Required action: Beginning with the line that has "Zebana Xiaomi Redmi" and ending with the line that has "Route 66 road", retype the entries below exactly, except for the pictures.

Records for this task:
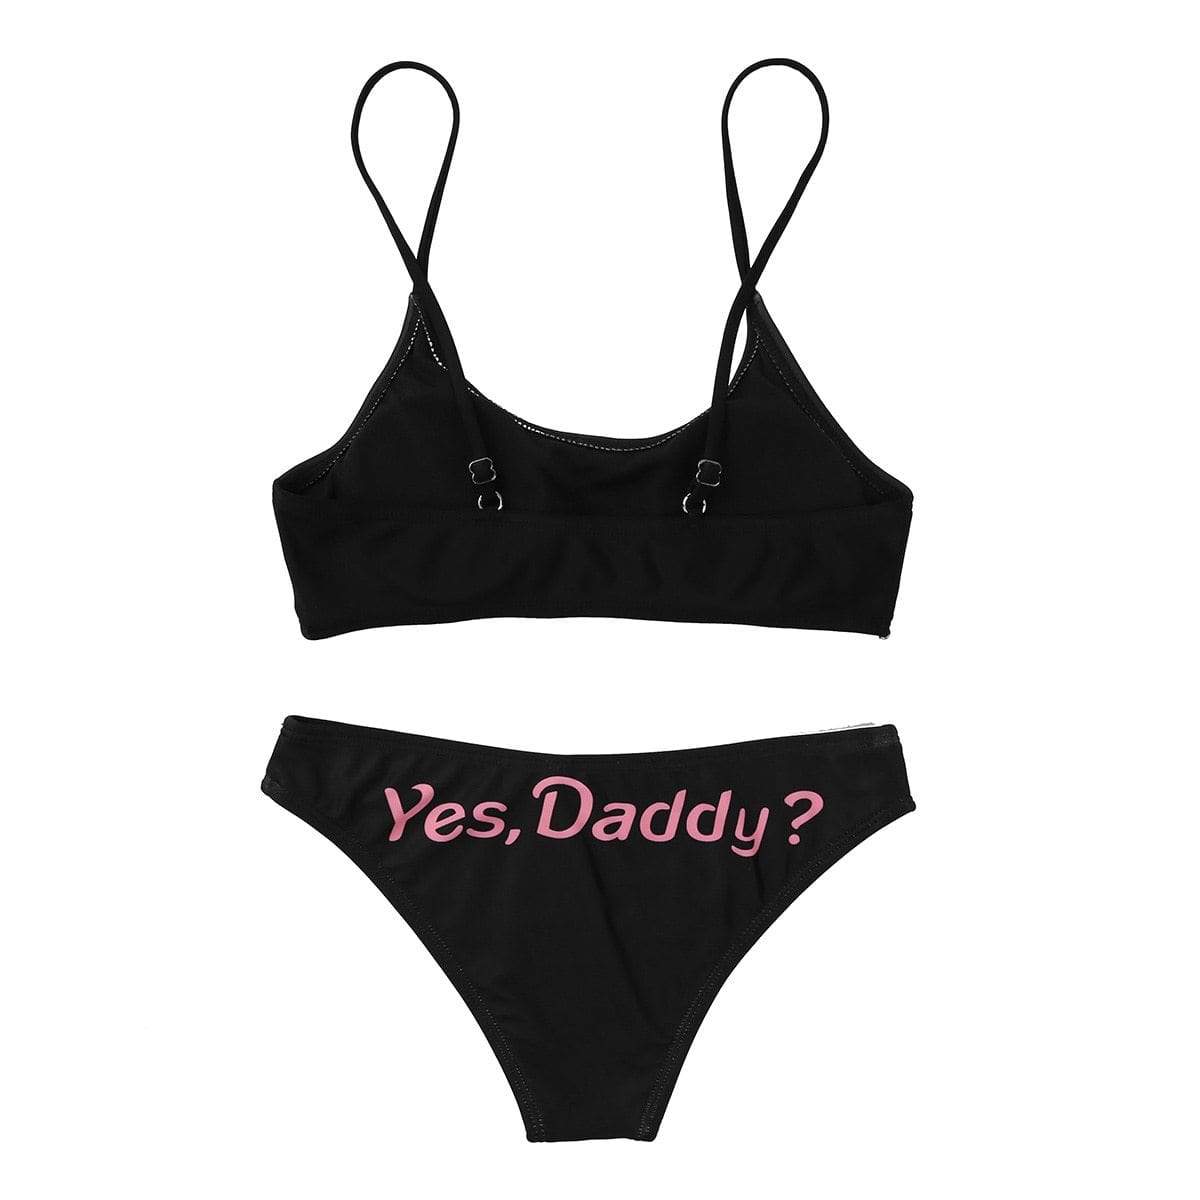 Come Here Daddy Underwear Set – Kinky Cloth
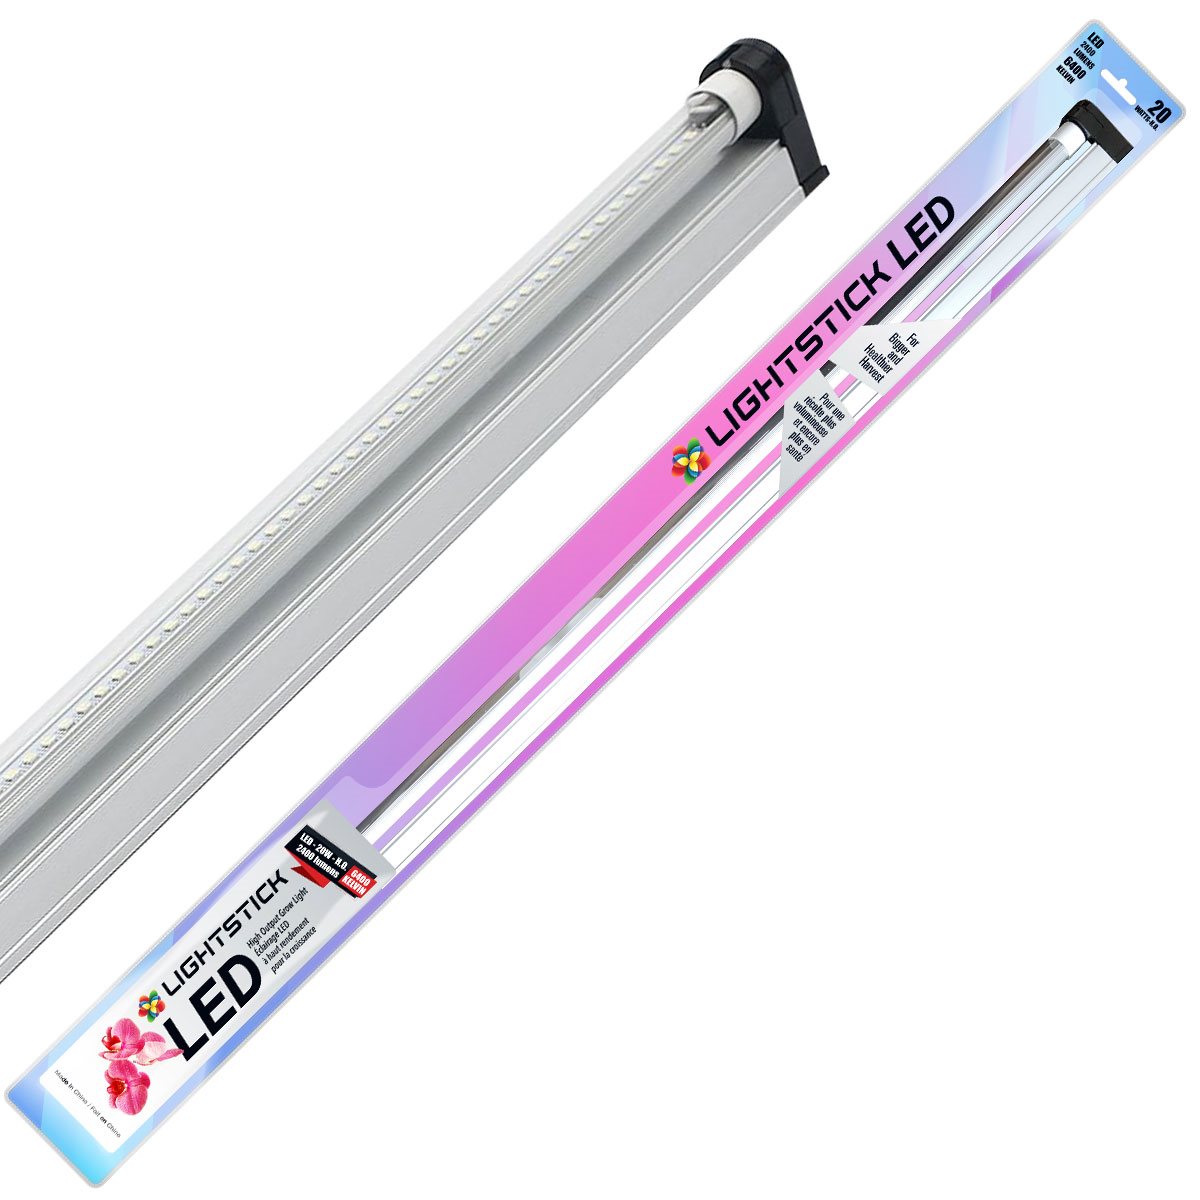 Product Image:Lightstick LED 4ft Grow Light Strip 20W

--

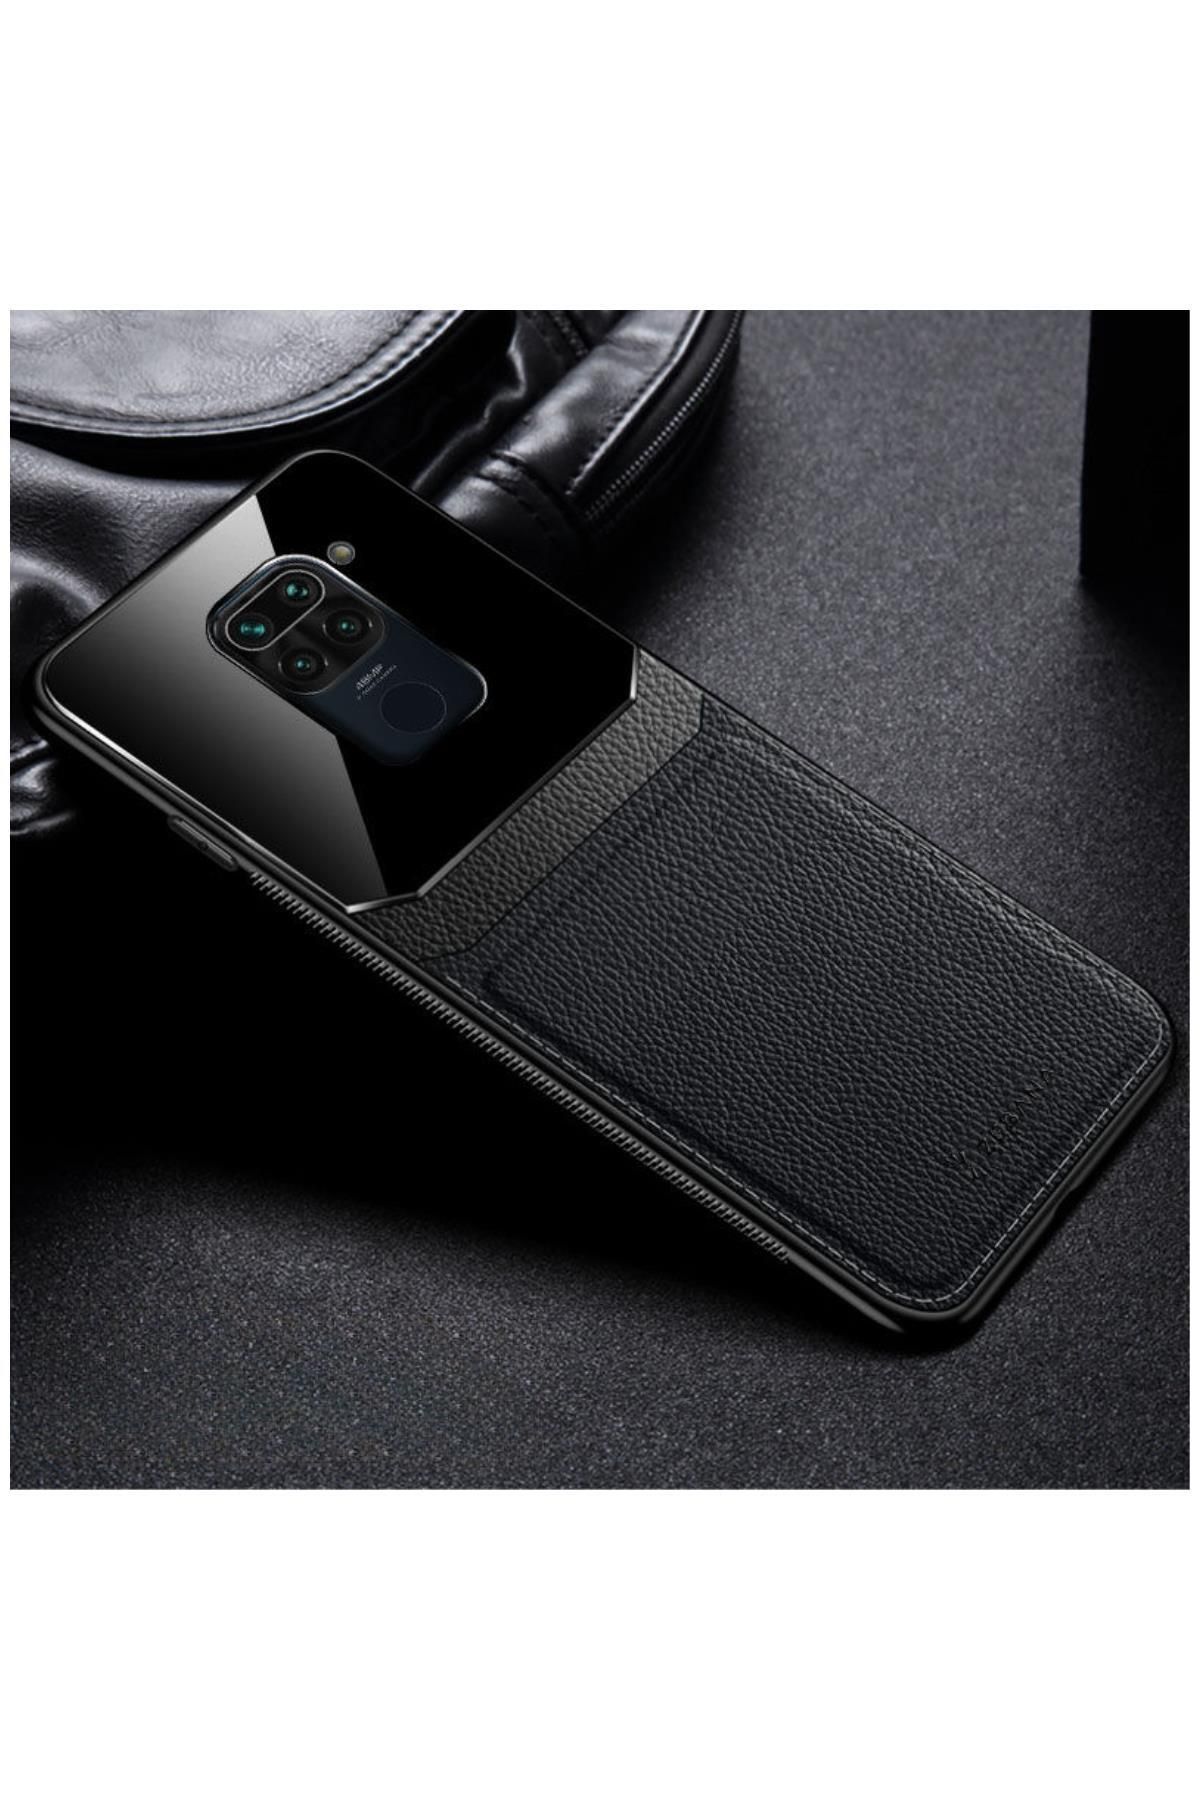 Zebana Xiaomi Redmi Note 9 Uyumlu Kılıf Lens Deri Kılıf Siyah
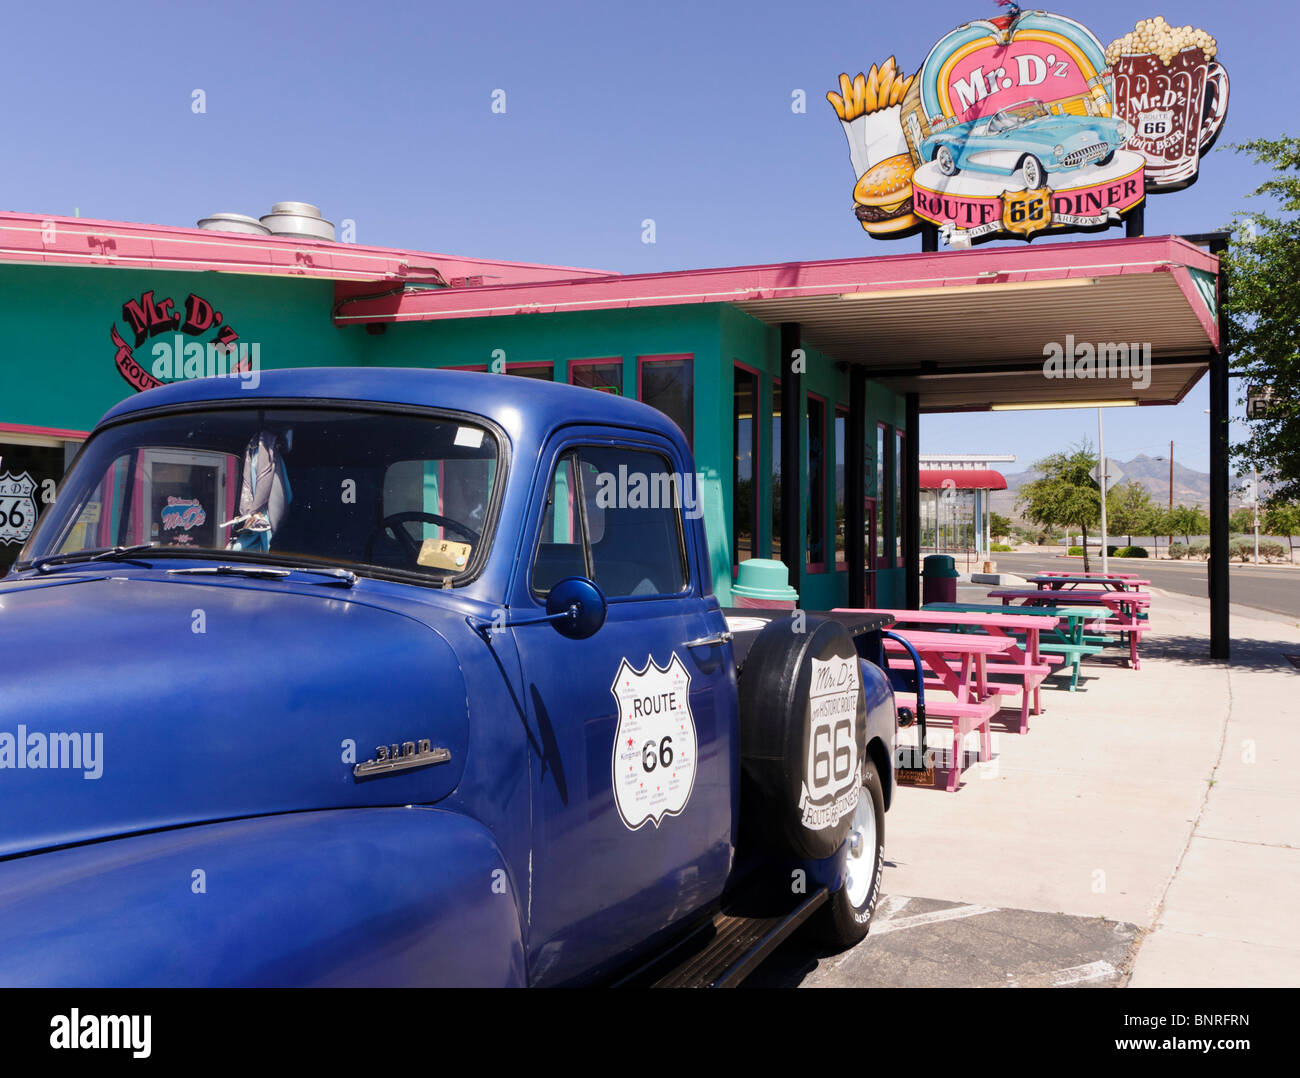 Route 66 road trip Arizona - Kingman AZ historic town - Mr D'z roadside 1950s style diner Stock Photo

Output for this task:
 Zebana Xiaomi Redmi Note 9 Uyumlu Kılıf Lens Deri Kılıf Siyah
 Route 66 road trip Arizona - Kingman AZ historic town - Mr D'z roadside 1950s style diner Stock Photo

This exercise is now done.